Dr. Jason Byrd, assistant director for the Maples Center for Forensic Medicine and a forensic entomologist, estimated that colonization by insects probably began around Sept. 30, and death occurred prior to that.

The state pointed out that a burial would slightly delay insect colonization.

The forensic anthropologist on the scene was Dr. Michael Warren, the director of C.A. Pound Human Identification Laboratory and a UF professor.

Day 7

Dr.

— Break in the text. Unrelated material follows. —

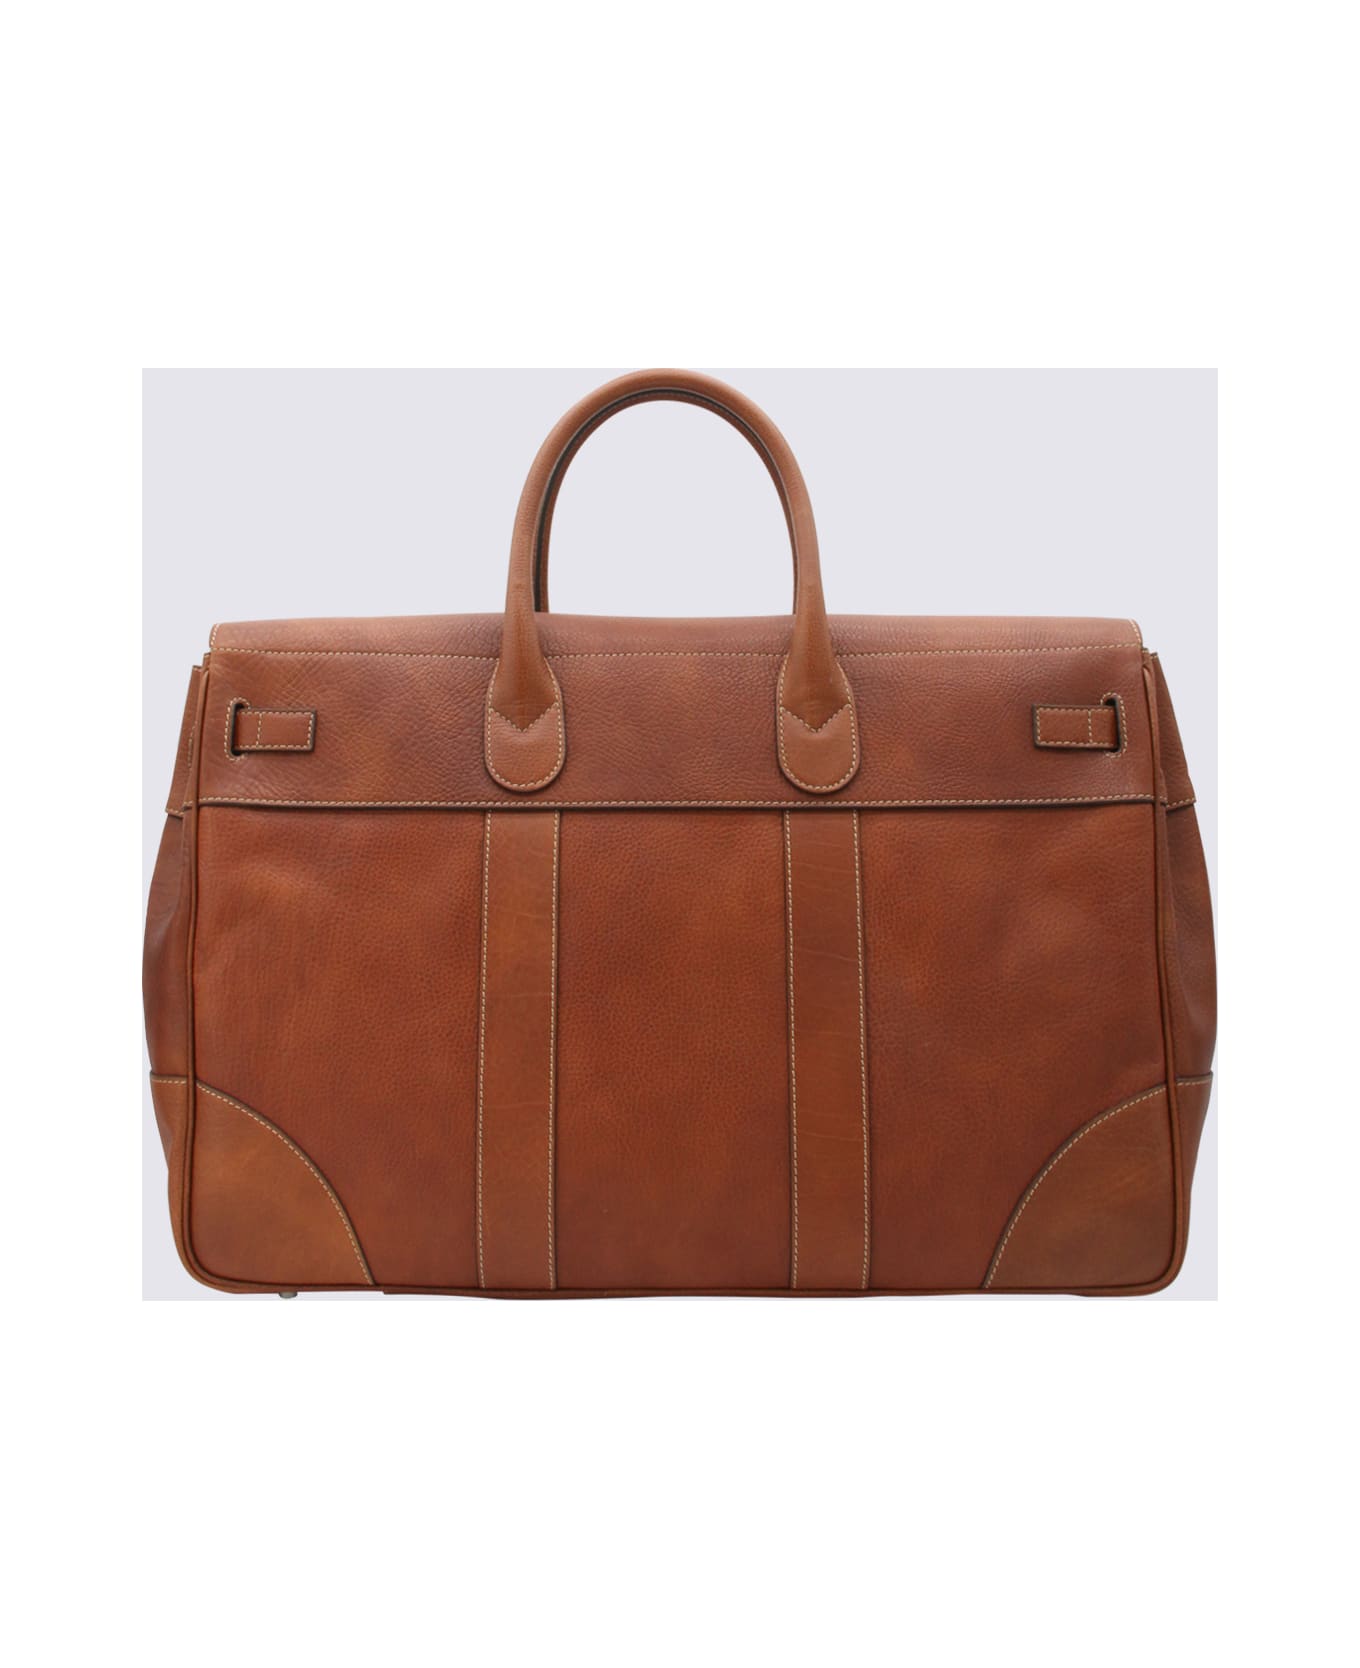 Brunello Cucinelli Brown Leather Weekender Travel Bag
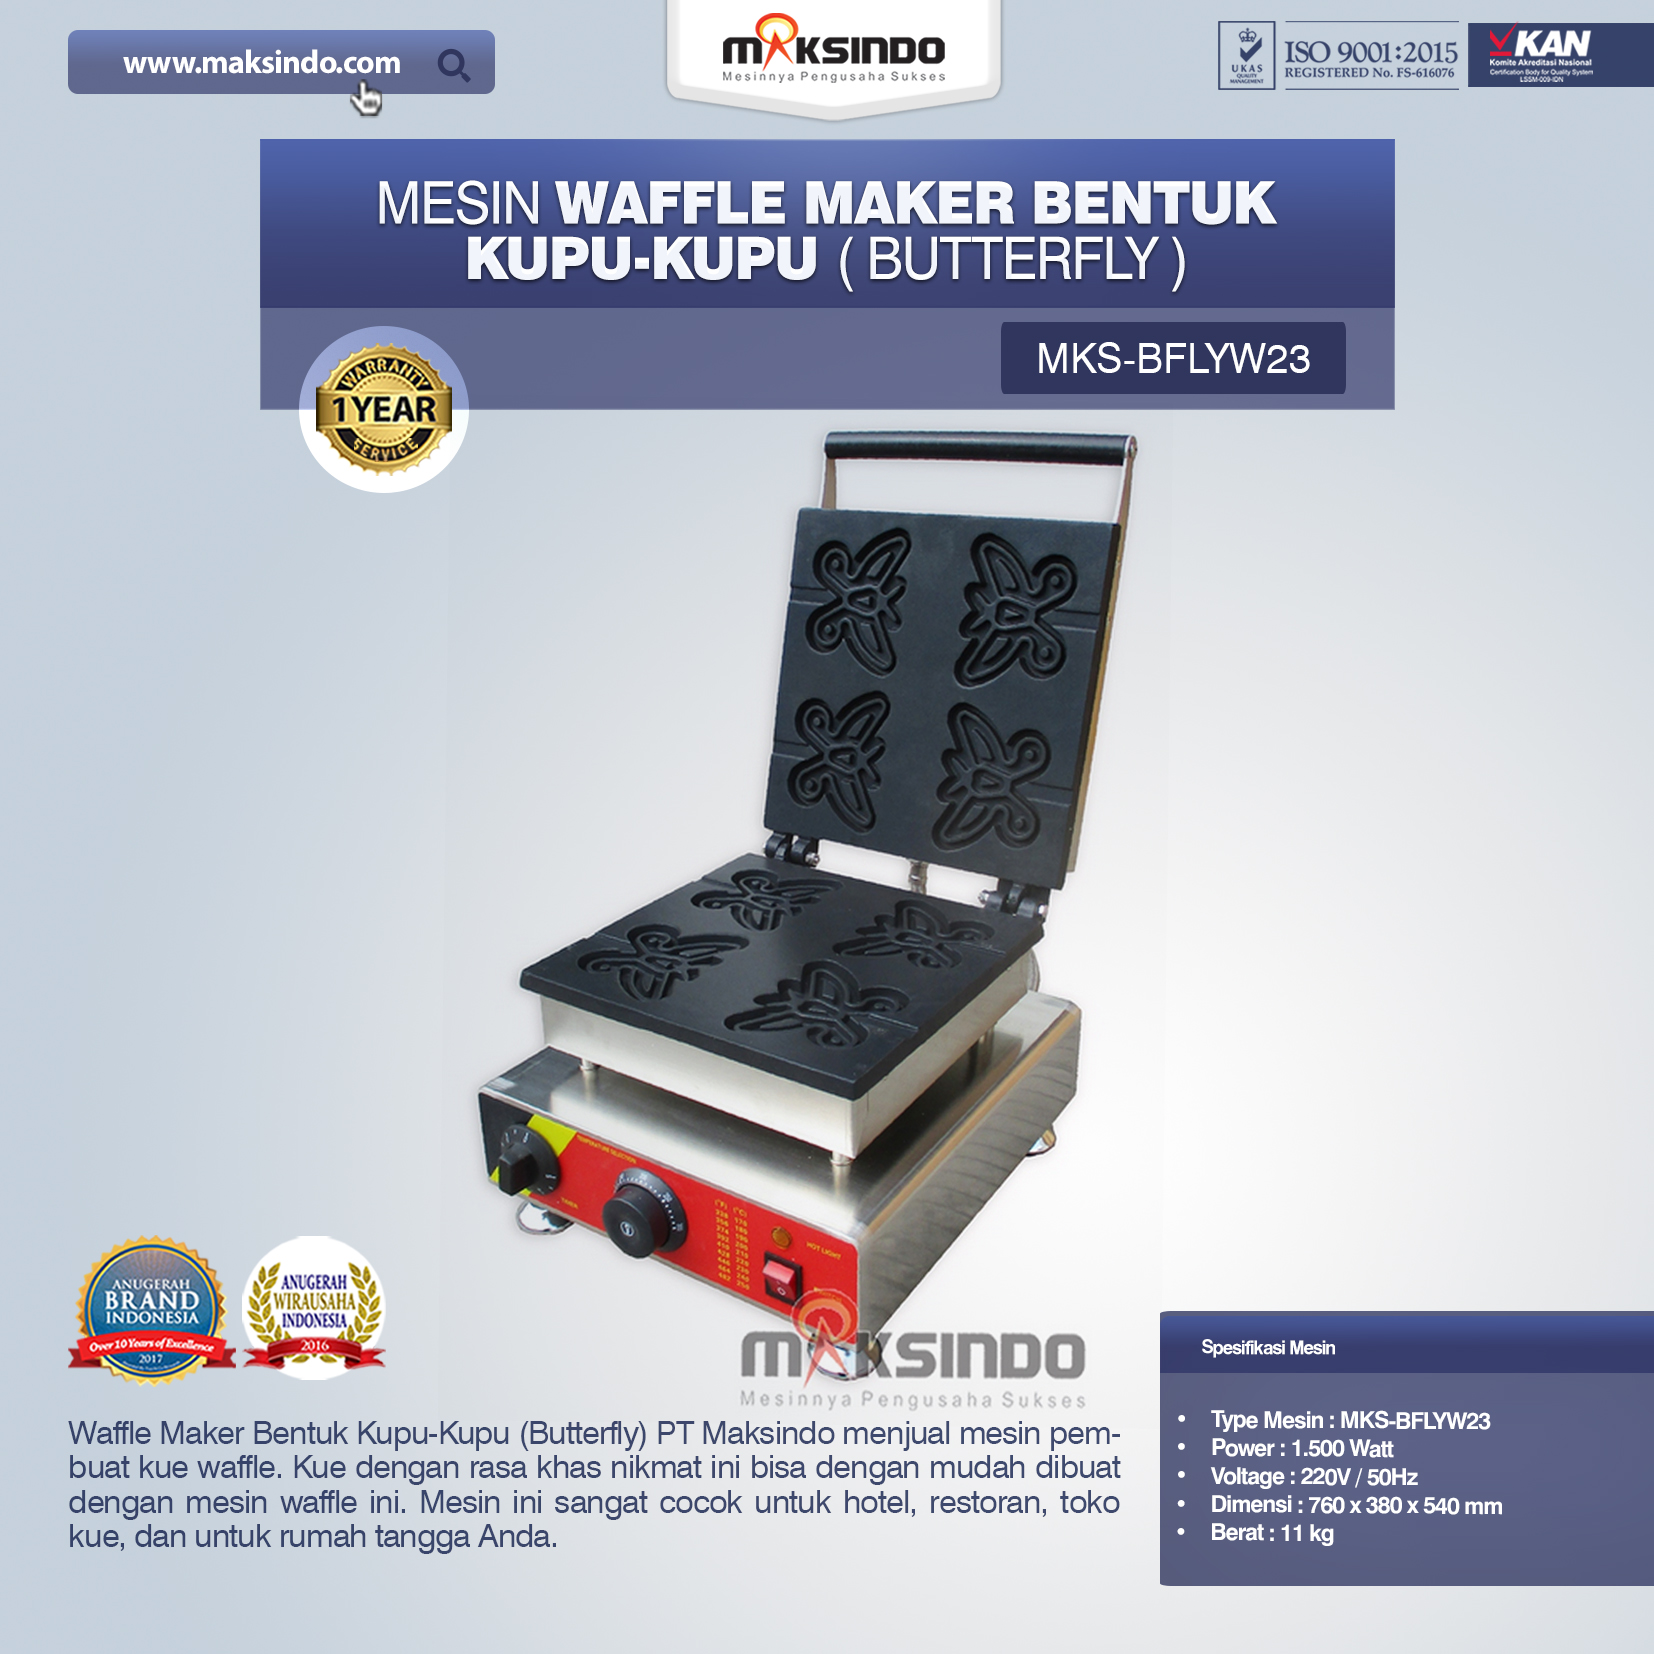 Jual Mesin Waffle Maker Bentuk Kupu-Kupu (Butterfly) MKS-BFLYW23 di Bali

Michael Warren, from the C.A. Pound Human Identification Lab, looks at Bravo as he testified Wednesday.


Before the dental identification was made, Warren was able to determine that the body recovered was a Hispanic male between the ages of 17 and 21.

From the marks in the dirt, Warren came to the conclusion that a shovel was used for this burial, which he estimates took from 30 minutes to an hour.

He placed the time of death at less than three weeks before it was recovered, but more than a week.

From the distance to the grave site to the road —23 feet — Warren concluded that Aguilar was most likely dead before being buried. The body was probably too heavy to drag farther, he said.

Details from the crime scene were used by other experts to add evidence to the state’s account.

Marianne Hildreth, a senior crime analyst for the Florida Department of Law Enforcement, did fracture matches between the duct tape found on Aguilar’s body and the tape on Bravo’s broken windshield.

She found an exact match between one of the pieces used on Bravo’s window and one found wrapped around Aguilar’s ankles.

Today, the state is expected to call its last witness. Bravo still has the choice to testify as well.